Segment Start: Data excerpt

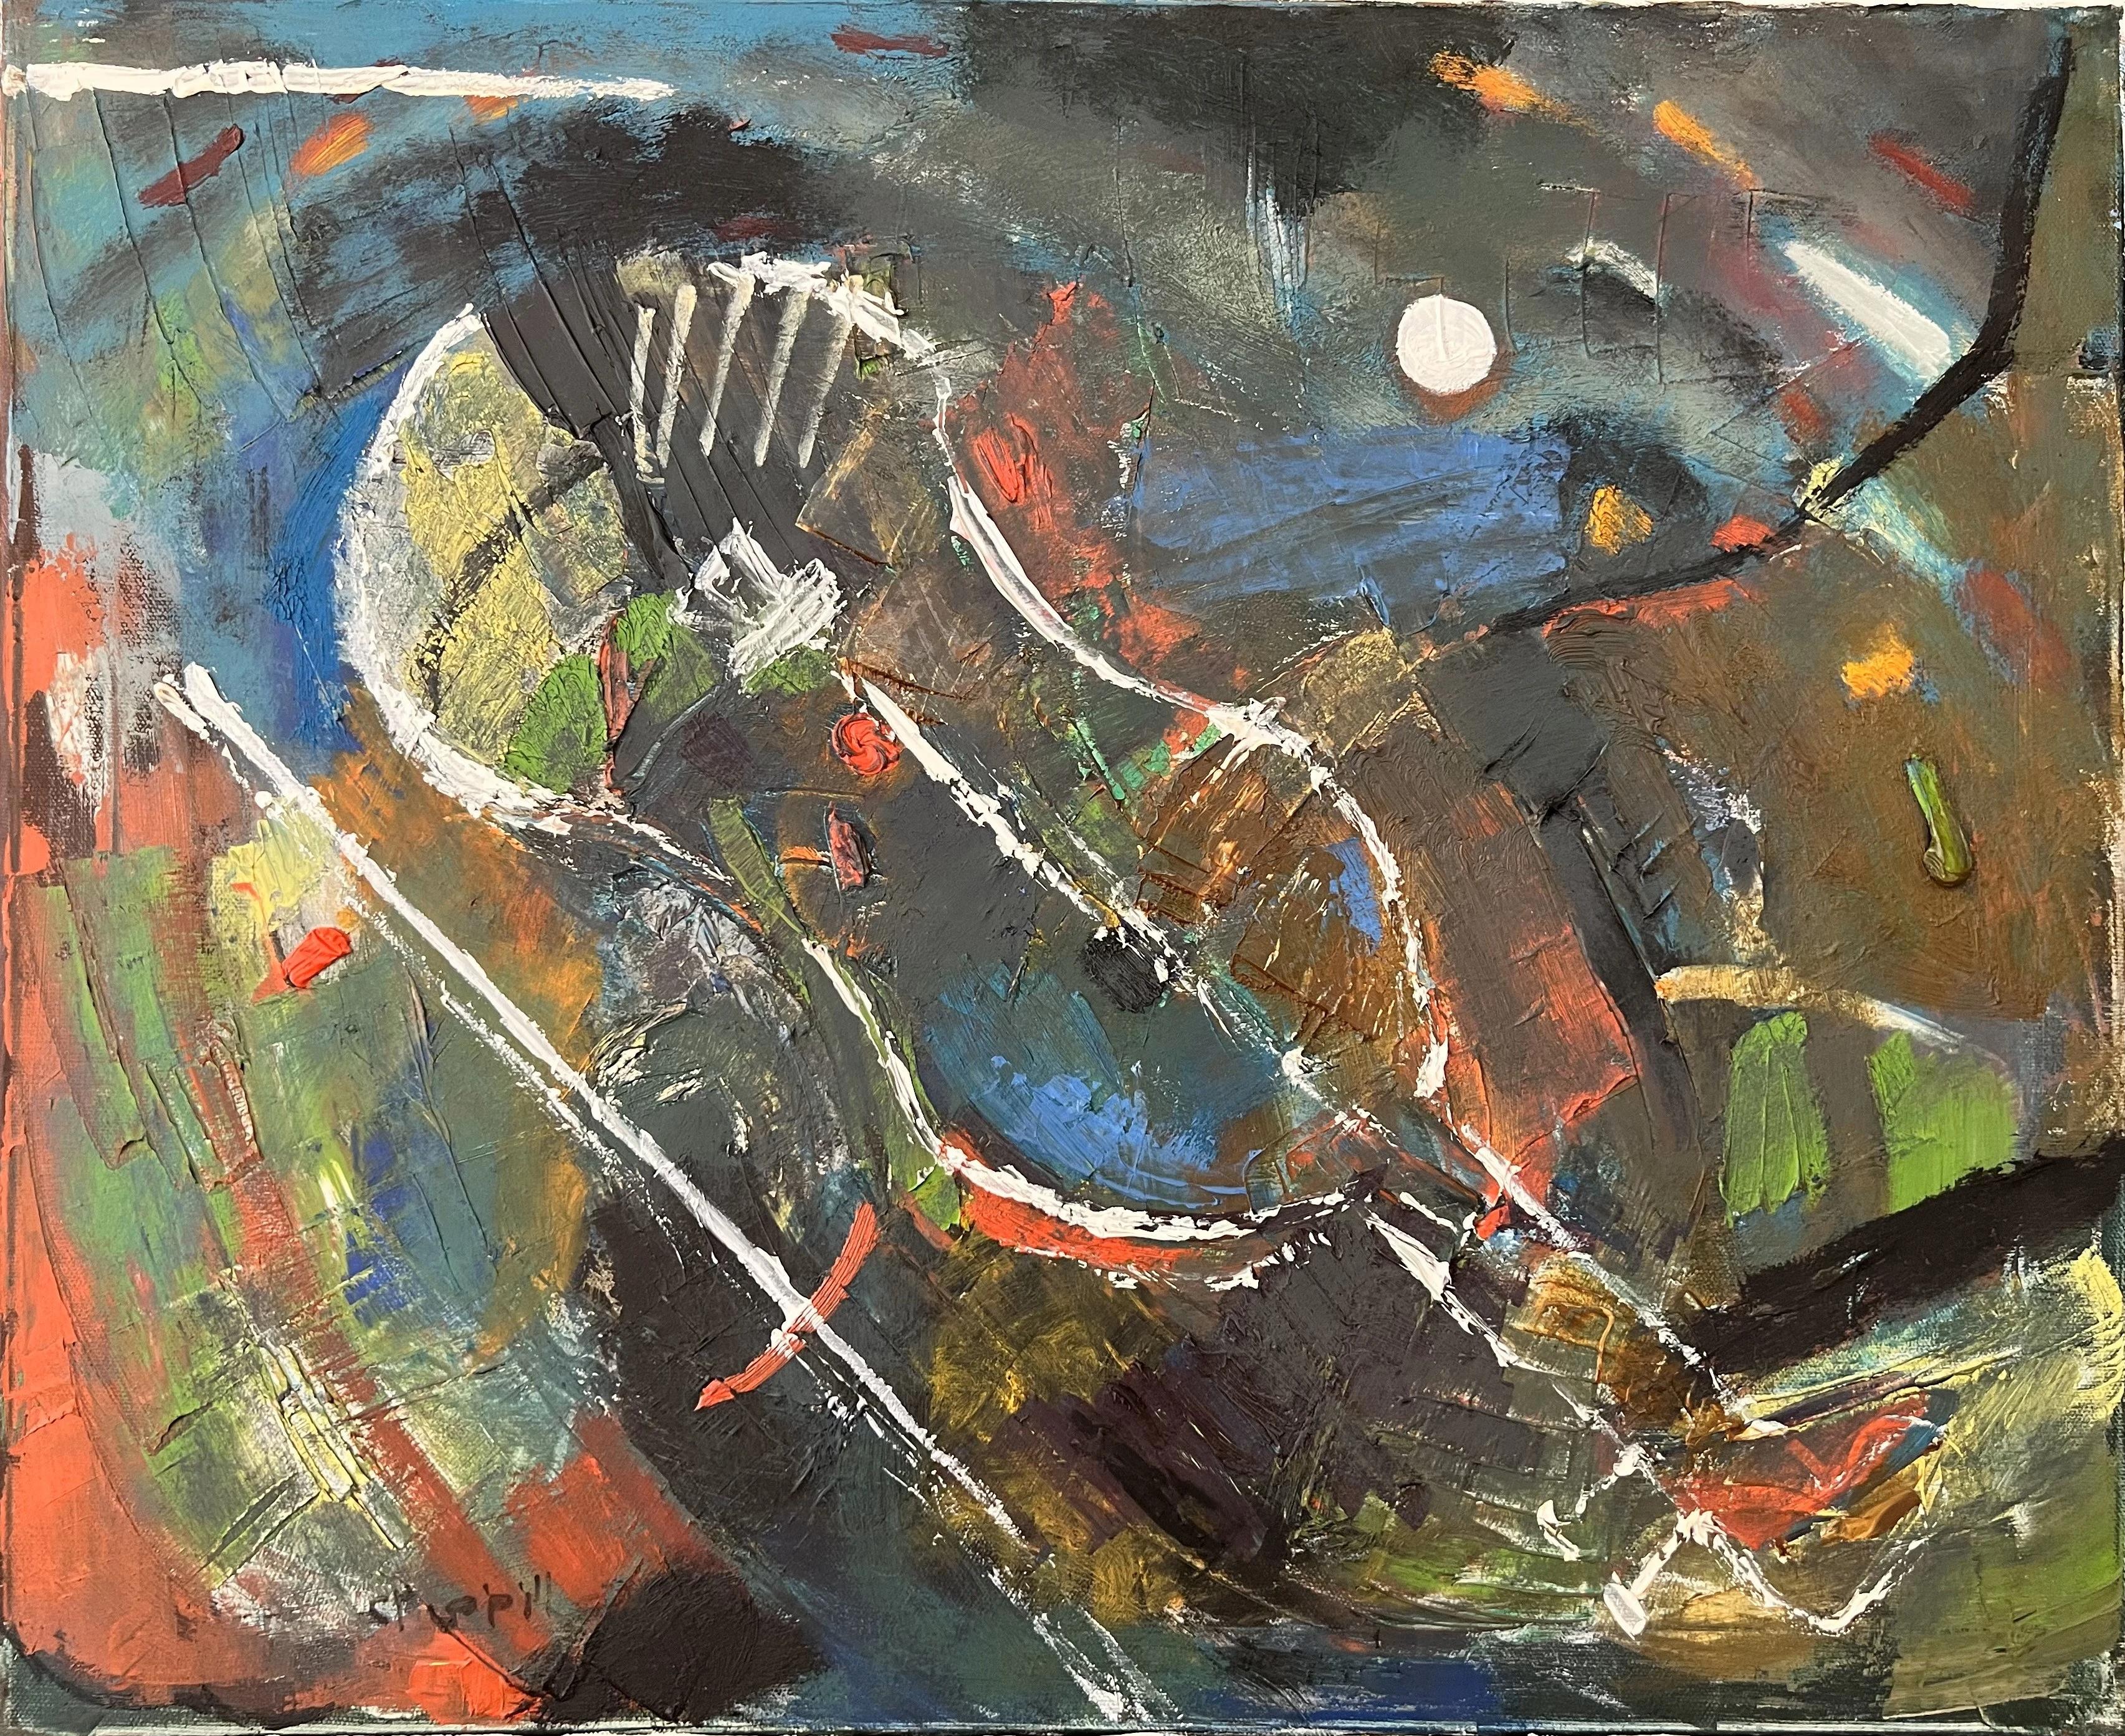 "Violine" Abstrakte Ölgemälde 20" x 24" Zoll von Ashraf Zamzami


ÜBER
Die charakteristische kühne und optimistische Farbgebung täuscht nicht über die unausweichlich nachdenkliche Natur und die zuweilen unbegreifliche Distanz hinweg, die Zamzamis
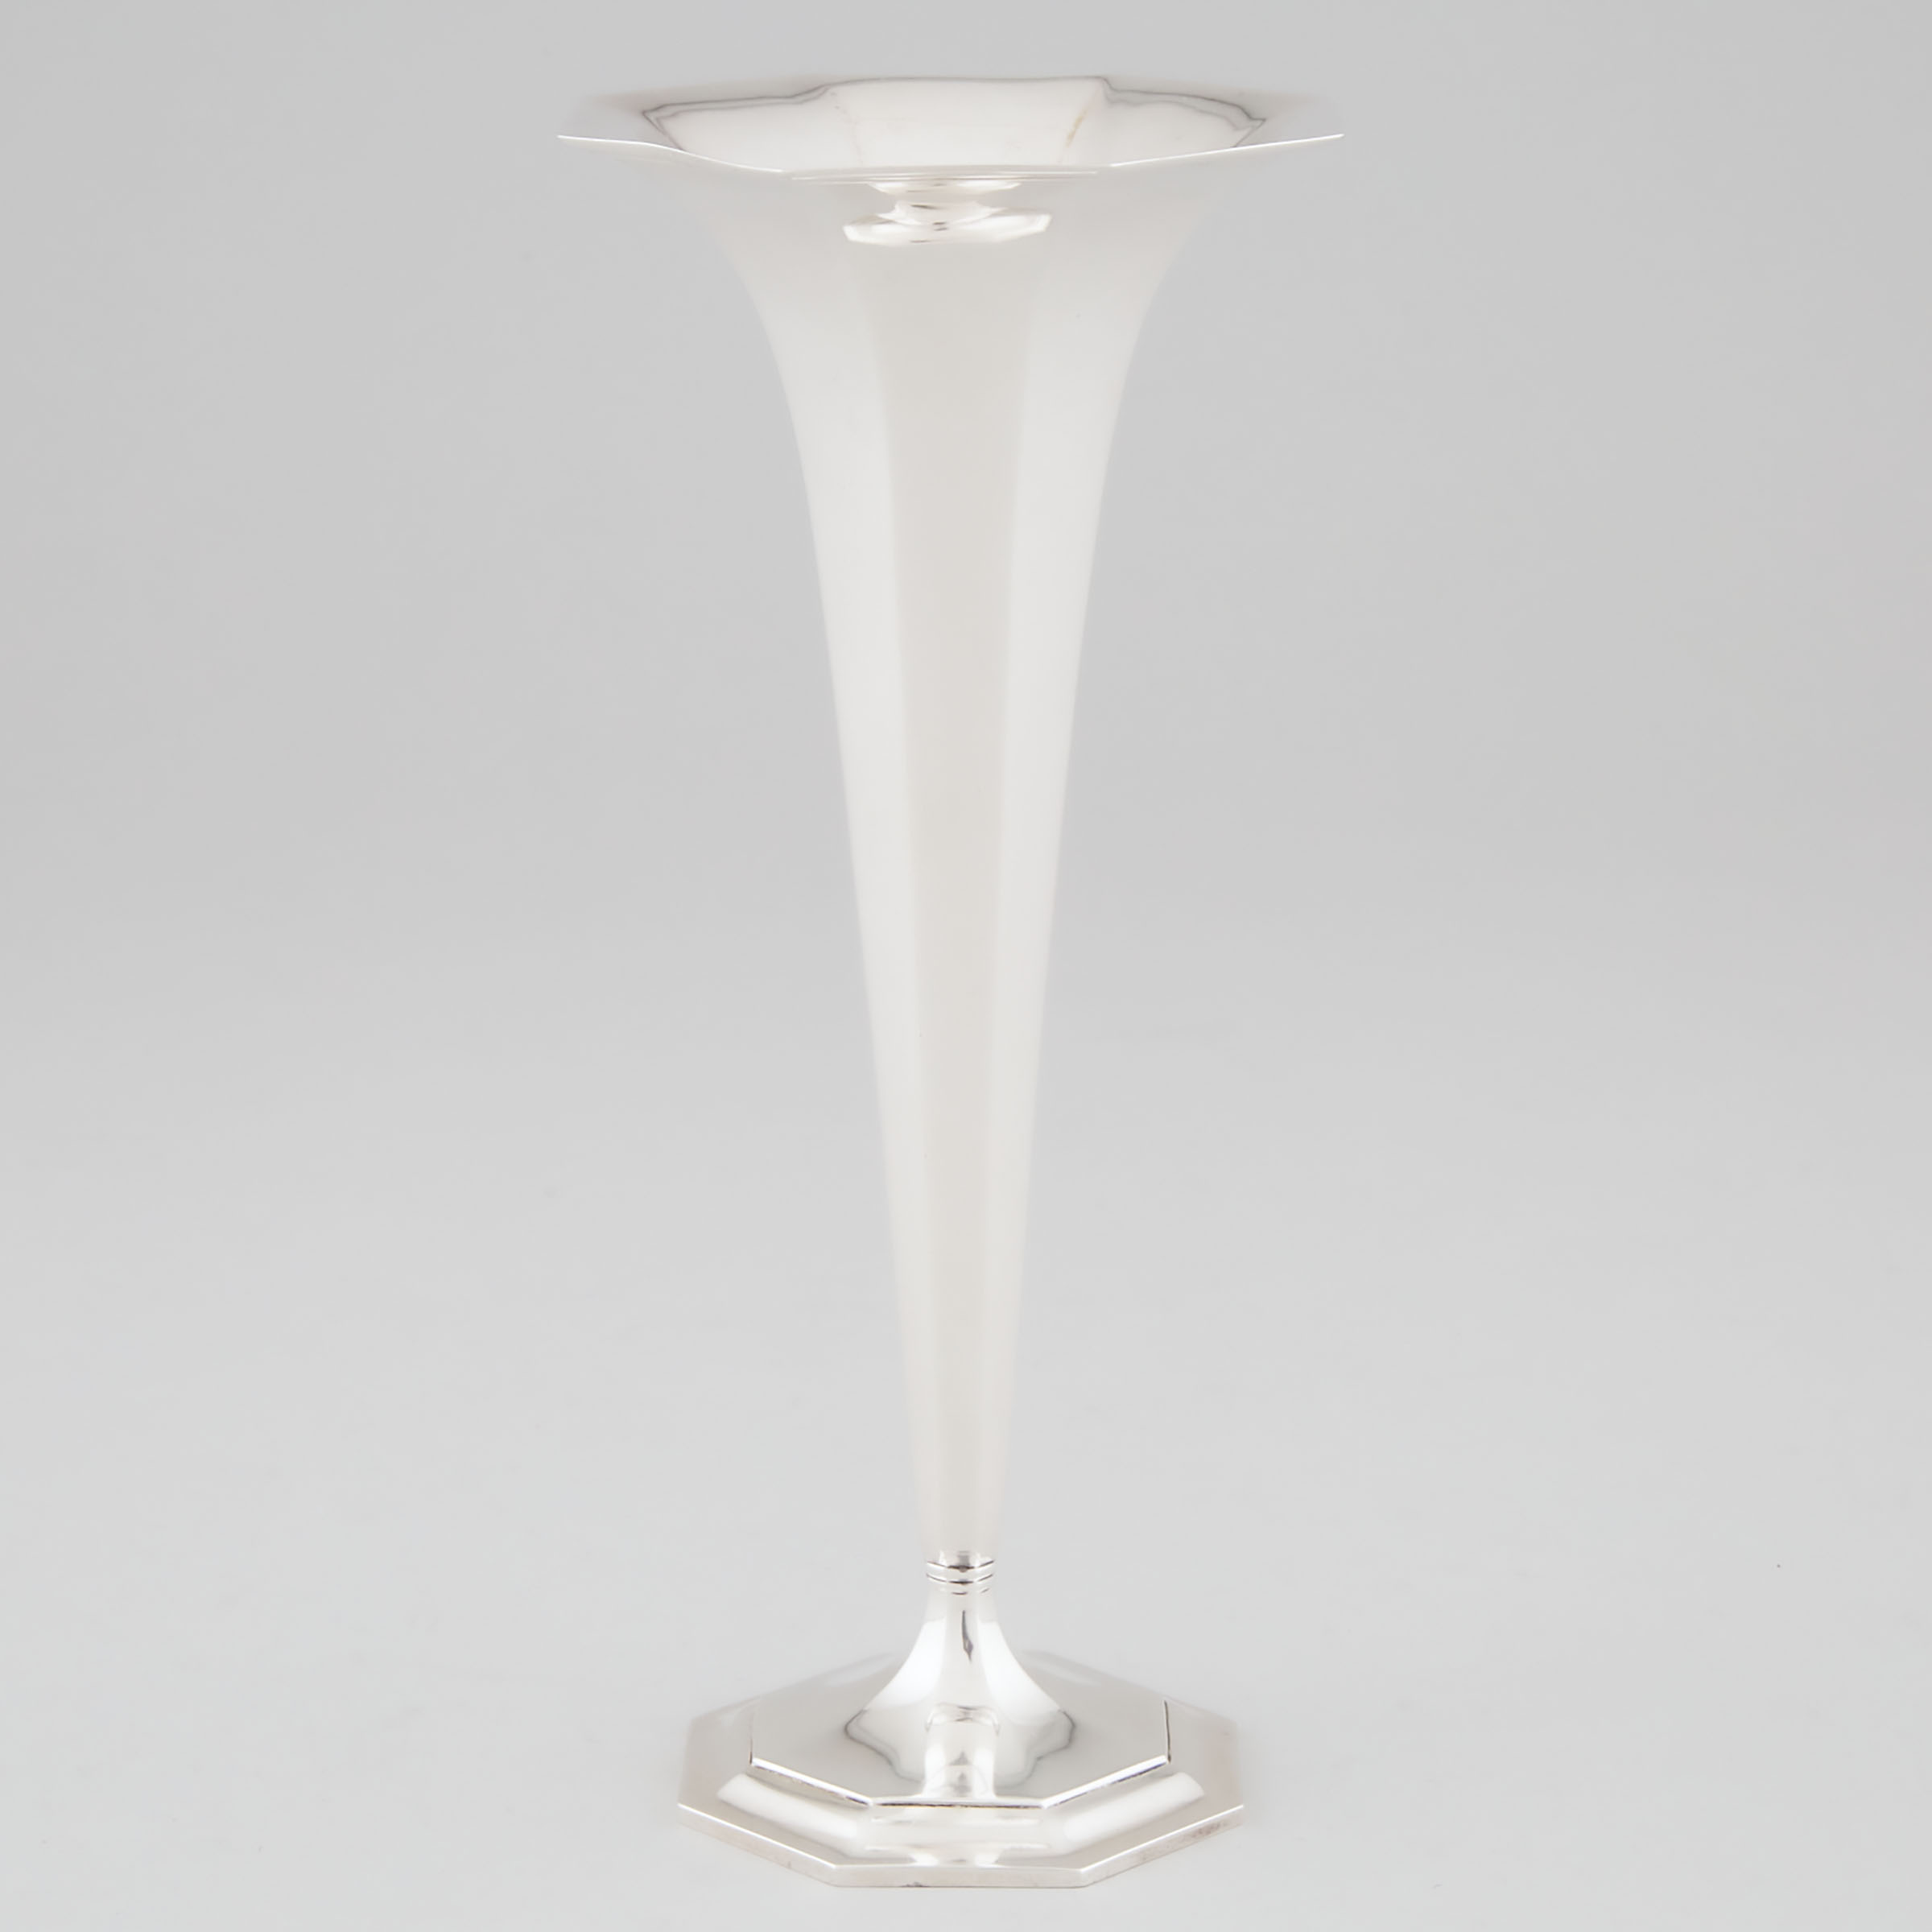 American Silver Octagonal Vase, Tiffany & Co., New York, N.Y., c.1907-38

Segment End: Data excerpt

**Exercise:**
Without any of its images, the data above should be returned exactly.

**Answer to the problem:**
 "Violine" Abstrakte Ölgemälde 20" x 24" Zoll von Ashraf Zamzami


ÜBER
Die charakteristische kühne und optimistische Farbgebung täuscht nicht über die unausweichlich nachdenkliche Natur und die zuweilen unbegreifliche Distanz hinweg, die Zamzamis
 American Silver Octagonal Vase, Tiffany & Co., New York, N.Y., c.1907-38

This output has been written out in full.